- Nickname: Bondo
- Born: Slobodan Macura 26 April 1918 Zadar, Croatia, Austro-Hungary
- Died: 21 March 1943 (aged 24) Kalinovik, Independent State of Croatia
- Allegiance: Yugoslav Partisans
- Service years: 1941–1943
- Awards: People's Hero of Yugoslavia

= Slobodan Macura Bondo =

Yugoslav Partisan

Slobodan Macura (26 April 1918 – 21 March 1943), known as Bondo, was a Yugoslav Partisan and People's Hero of Yugoslavia of Croatian descent.

In 1951, Macura was awarded the title of People's Hero of Yugoslavia.

==Early life==
Slobodan Macura was born on 26 April 1918 in Zadar, Croatia (then Austria-Hungary.

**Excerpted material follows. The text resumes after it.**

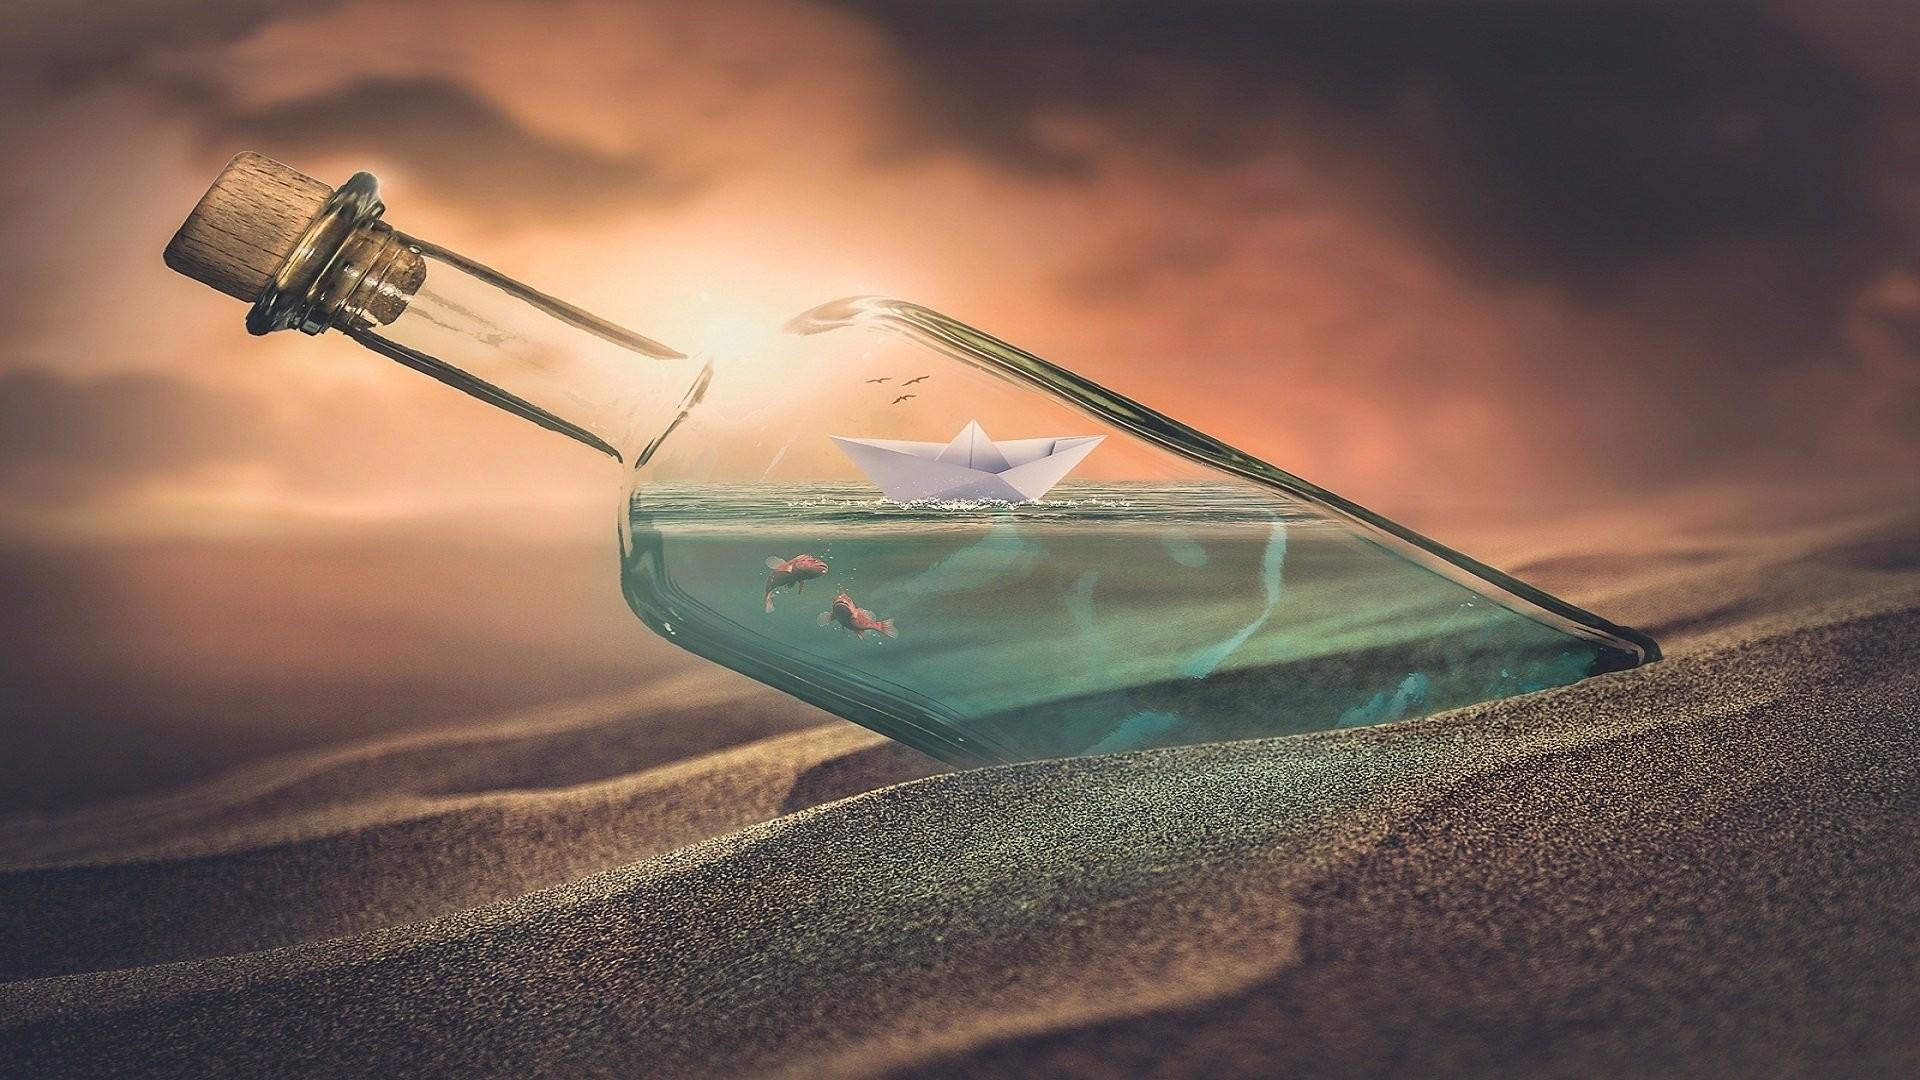 Ship In A Bottle HD Download

He studied forestry at the University of Belgrade where he joined the Communist Party of Yugoslavia.

==World War II==
After the German-led Axis invasion of Yugoslavia, Macura joined the Yugoslav Partisans in 1941. Soon after he returned to political work in northern Dalmatia. There, in May 1942, he became a party leader and deputy political commissar of the First North Dalmatian Battalion. In July 1942, Slobodan was appointed political commissar of the "Branko Vladušić" battalion, which joined the 2nd Dalmatian Brigade in 1942. He participated in the Battle of Neretva in 1943. He was wounded and killed in combat on 21 March 1943.

==Legacy==
He was posthumously proclaimed a People's Hero of Yugoslavia on 5 July 1951.